See "systemctl status exec-set-credential.service" and "journalctl -xeu exec-set-credential.service" for details.
# journalctl -e -o short-monotonic --no-hostname
...
[ 7434.726476] systemd[1]: Starting Test for SetCredential=...
[ 7434.732271] sh[262661]: ++ cat /run/credentials/exec-set-credential.service/test-execute.set-credential
[ 7434.732983] sh[262659]: + test hoge = hoge
[ 7434.742345] sh[262664]: ++ cat /run/credentials/exec-set-credential.service/test-execute.set-credential
[ 7434.743267] sh[262664]: cat: /run/credentials/exec-set-credential.service/test-execute.set-credential: No such file or directory
[ 7434.743406] sh[262663]: + test '' = hoge
[ 7434.744353] systemd[1]: exec-set-credential.service: Control process exited, code=exited, status=1/FAILURE
[ 7434.750558] sh[262667]: ++ cat /run/credentials/exec-set-credential.service/test-execute.set-credential
[ 7434.751156] sh[262667]: cat: /run/credentials/exec-set-credential.service/test-execute.set-credential: No such file or directory
[ 7434.751319] sh[262666]: + test '' = hoge
[ 7434.751794] systemd[1]: exec-set-credential.service: Control process exited, code=exited, status=1/FAILURE
[ 7434.751823] systemd[1]: exec-set-credential.service: Failed with result 'exit-code'.

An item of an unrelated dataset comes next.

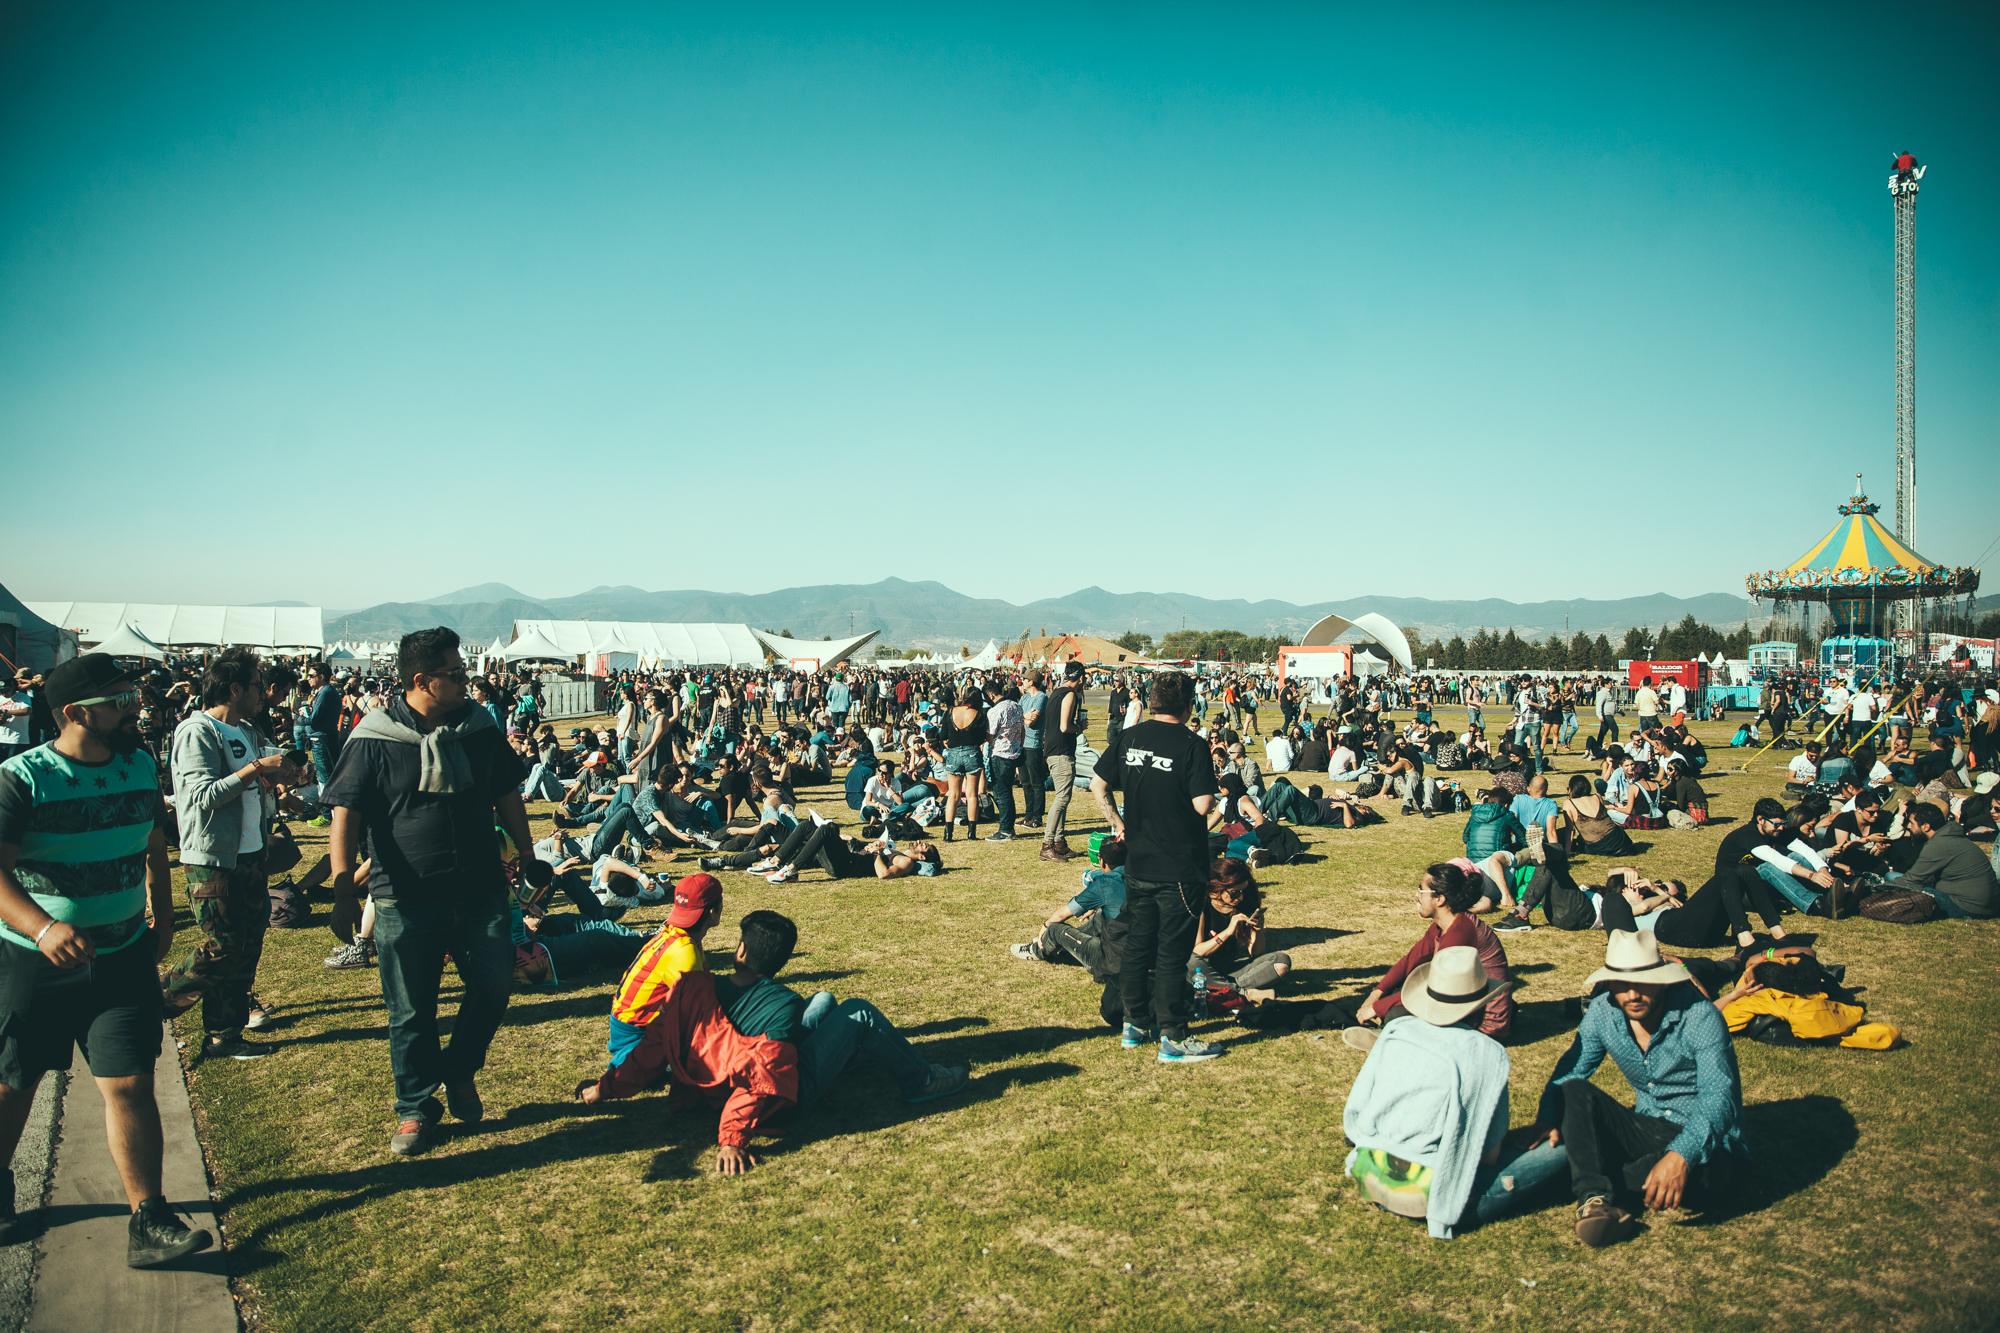 Crowd-Festival Ceremonia-Mexico-Foro Pegaso-04.02.2017-Daniel Patlan_Desde 1989 (11 of 49).jpg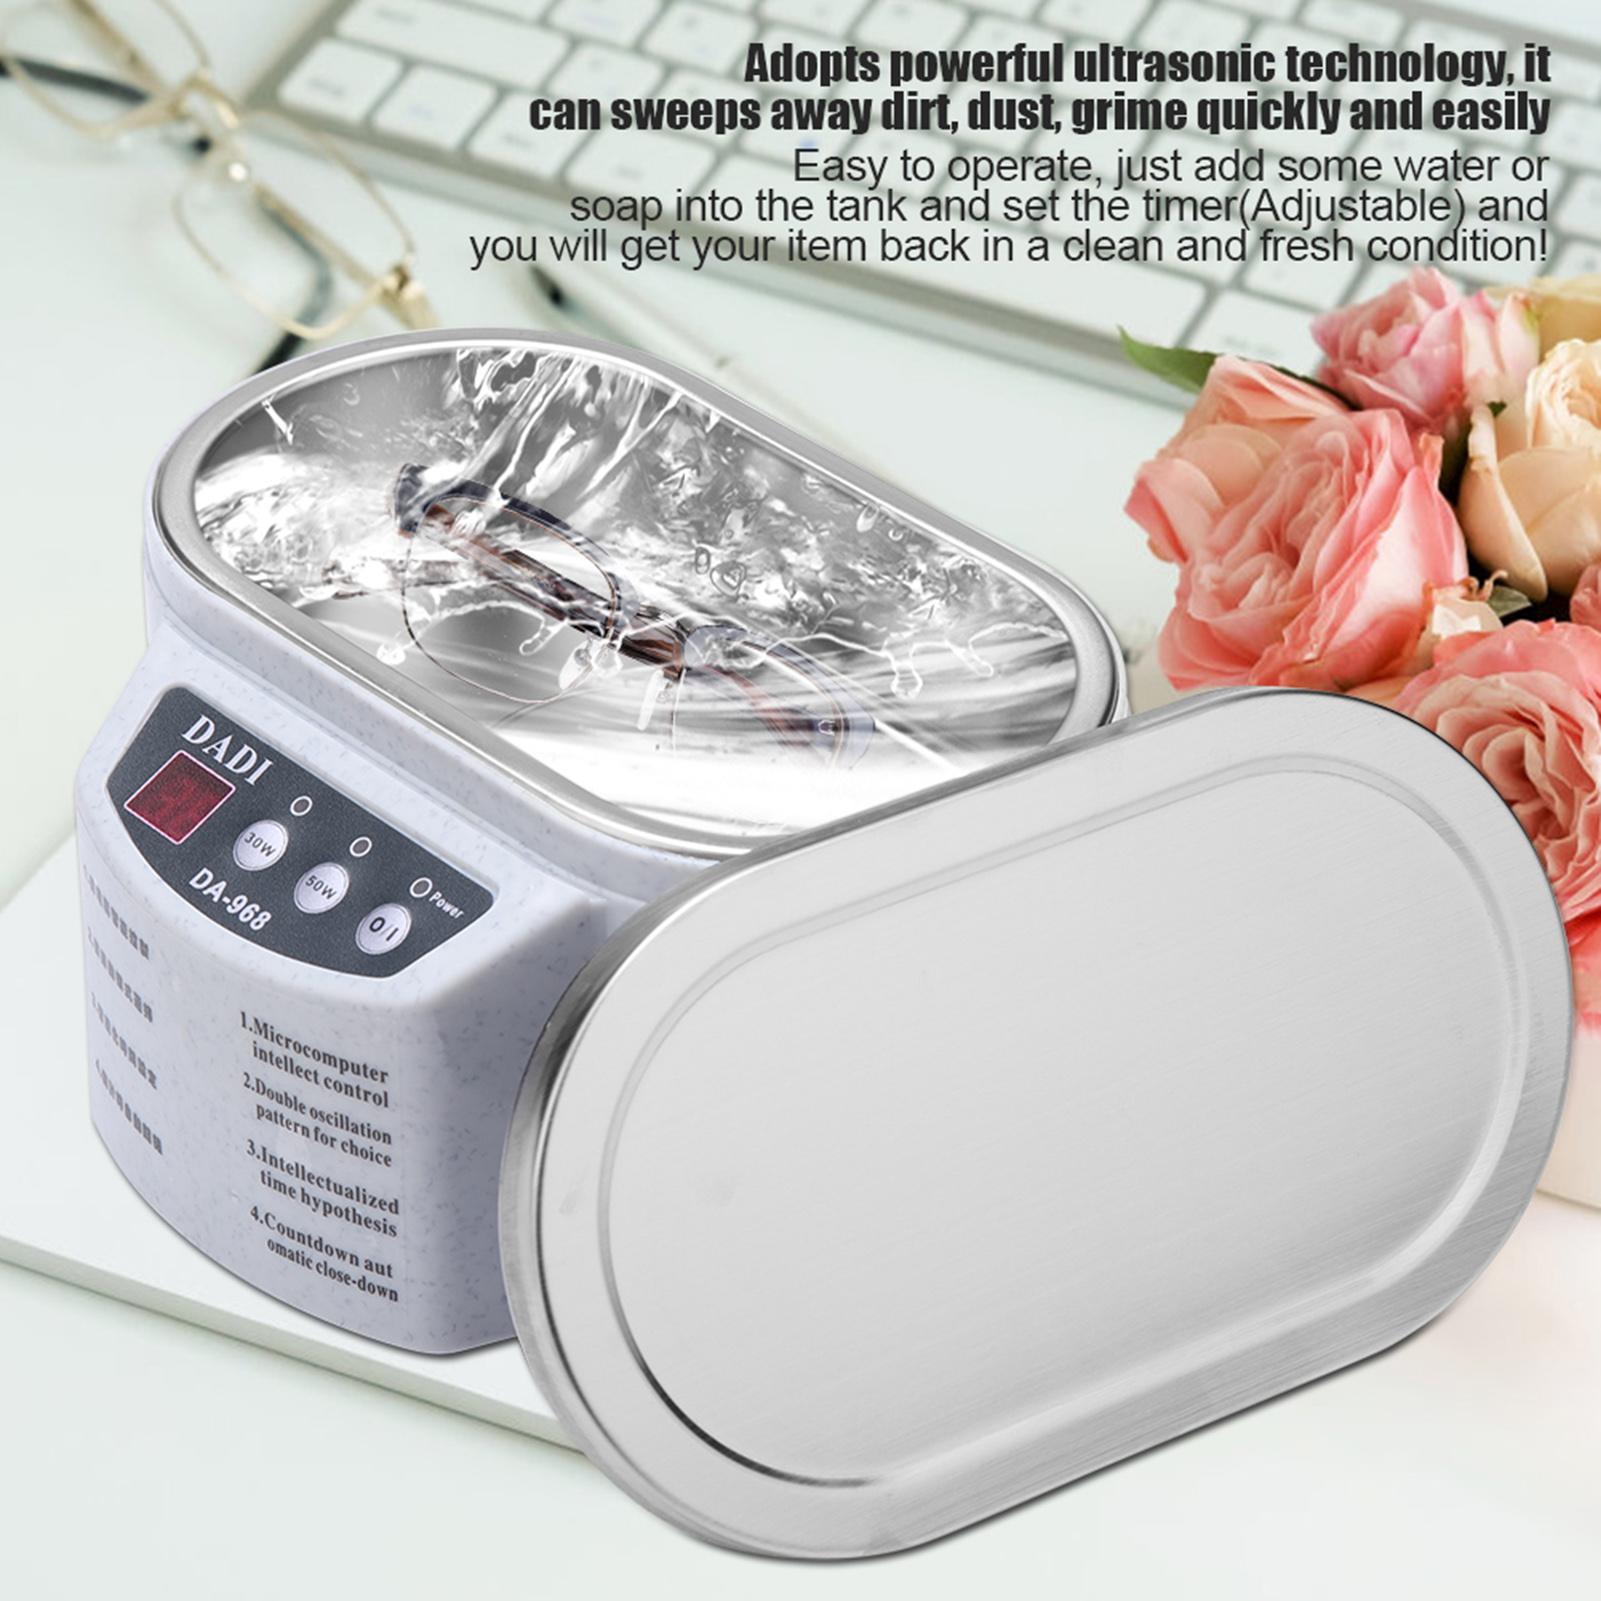 30w 50w Mini Ultrasonic Cleaner Bath For Cleaning Jewelry Glasses Circuit Board

[ 7434.752704] systemd[1]: Failed to start Test for SetCredential=.
[ 7434.753599] systemd[1]: run-credentials-exec\x2dset\x2dcredential.service.mount: Deactivated successfully.
...

The original error I was trying to reproduce (from the coverage run) is:

[    6.169854] (test-execute-root)[767]: exec-set-credential.service: Will spawn child (service_enter_start): sh
[    6.170048] (test-execute-root)[767]: exec-set-credential.service: Passing 0 fds to service
[    6.170217] (test-execute-root)[767]: exec-set-credential.service: About to execute: sh -x -c "test \"\$\$(cat /run/credentials/exec-set-credential.service/test-execute.set-credential)\" = \"hoge\""
[    6.170407] (test-execute-root)[767]: Serializing sd-executor-state to memfd.
[    6.170620] (test-execute-root)[767]: Found cgroup2 on /sys/fs/cgroup/, full unified hierarchy
[    6.170851] (test-execute-root)[767]: exec-set-credential.service: Forked sh as 841 (without CLONE_INTO_CGROUP)
[    6.171118] (test-execute-root)[767]: Closing set fd 25 (socket:[9648])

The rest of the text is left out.